An image backup typically backs up everything on your system including the Operating System itself, all the applications and all the configuration. Imagine, if you will, that you only have a file backup. What happens when disaster strikes? Well, you can get your files back, but first you have to rebuild your network - install and configure a replacement server, put all the applications on it, configure and test them. This might easily take as long as it did to setup the network in the first place. This could involve third parties - your software or other providers. So you could easily be looking at days of downtime or disruption before you are fully operational as you were before the disaster. But with an image backup, we can restore your server back to another machine (or a virtual machine), usually within hours - certainly by the next morning. Because we are restoring an image of the entire server, we don't have to rebuild any of the configuration, and we don't have to involve any third parties.

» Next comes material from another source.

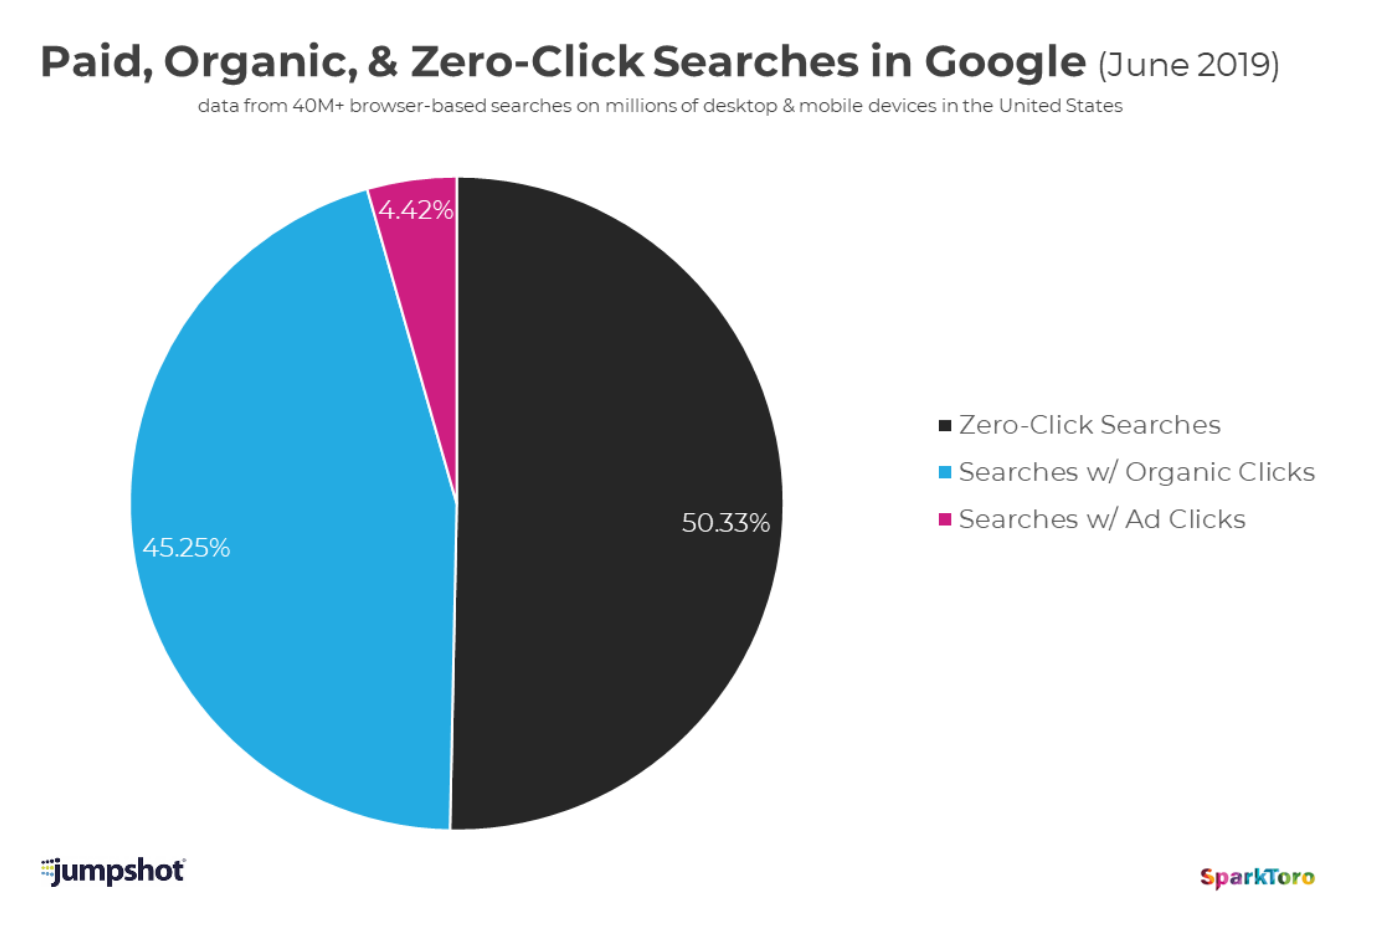 chart showing paid, organic, and zero-click searches in google.

Another problem with file backup is when things change, and the backup doesn't see the change. For example, a database is moved from one part of the server to another, often by a third party. This could be Sage support for your accounts data, or Schick support for your digital imaging data. And the backup system that was setup years ago, perhaps by the person who originally setup your IT, isn't updated so it doesn't include the new data path. The backup, therefore, isn't working at all. Imaging backup avoids this problem, as it backs up every file on the system, wherever it is.

Trust

Another reason you might not want to place all of your backups into the cloud is trust.

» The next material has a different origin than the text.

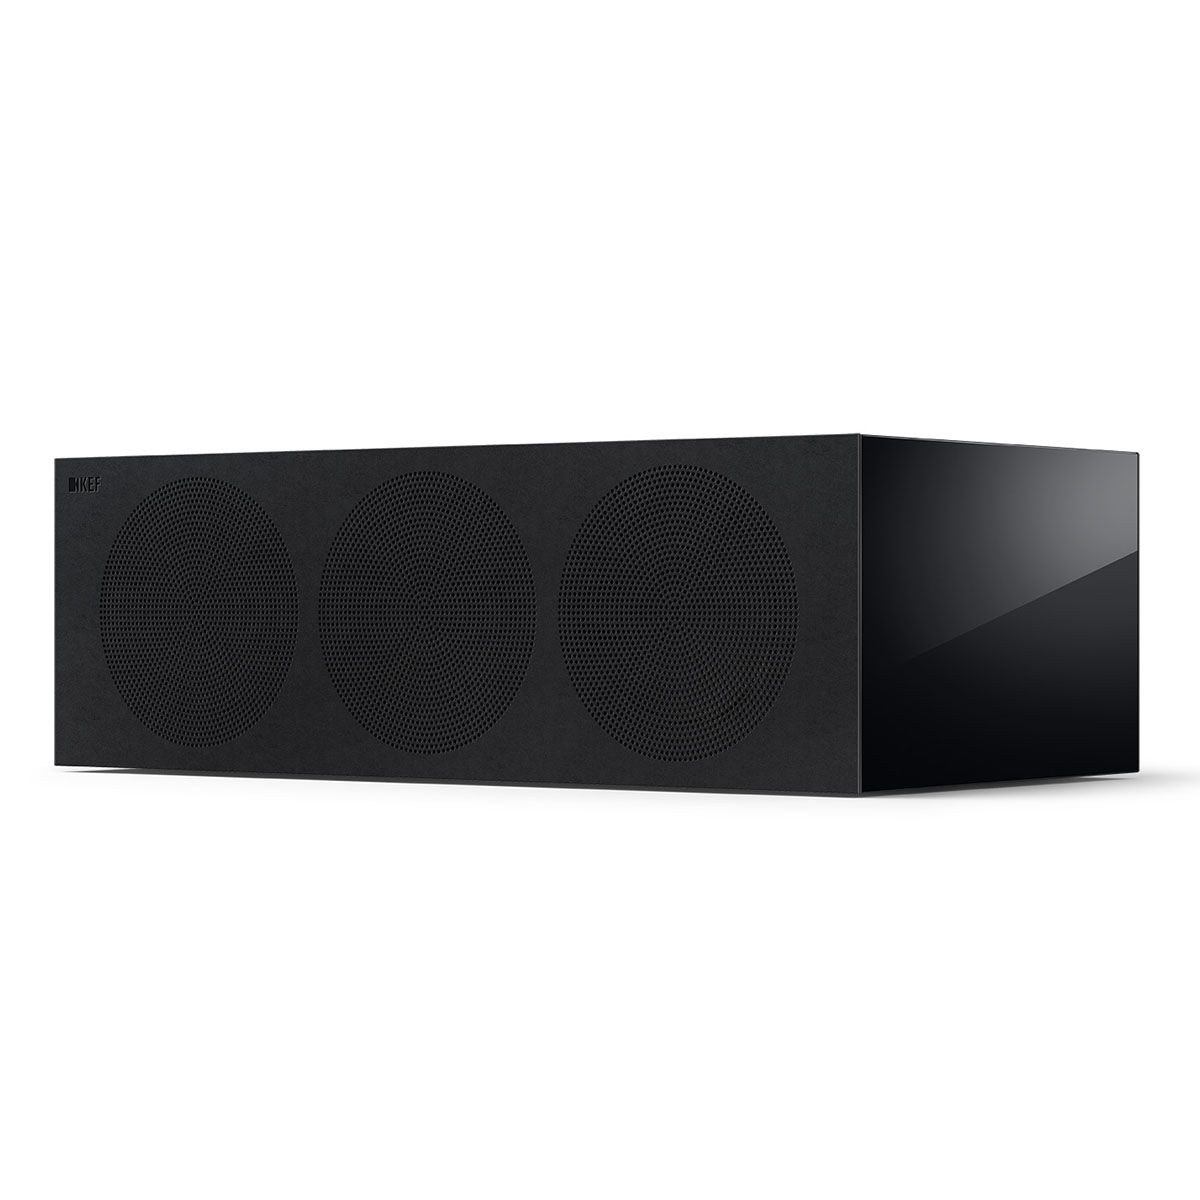 KEF R6 Meta LCR Speaker - Each black angled front view with grille

I am sure most cloud providers are trustworthy, the data is stored securely and compliant with EU and UK regulations, and the data can be restored when required. But I have never come across any customer that checks any of this; it is all based on trust. If you have a local, imaging backup, then your data is stored at your site - usually on a NAS (network attached storage) device. The local device does not give you offsite backups, for fire, flood and theft, but it is a fast, comprehensive restore that will get you back up and running quickly when you need it.

At Dental IT, we recommend a combination of local and remote backup systems. The local backup system uses image based backup and saves to a local NAS device. The remote backup uploads core critical files to an offsite secure datacentre. We believe this offers the best of both worlds, and gives your peace of mind that should your network suffer catastrophic failure, or infection, fire or theft, we will be able to restore your systems and get you back up and running as quickly as we possibly can.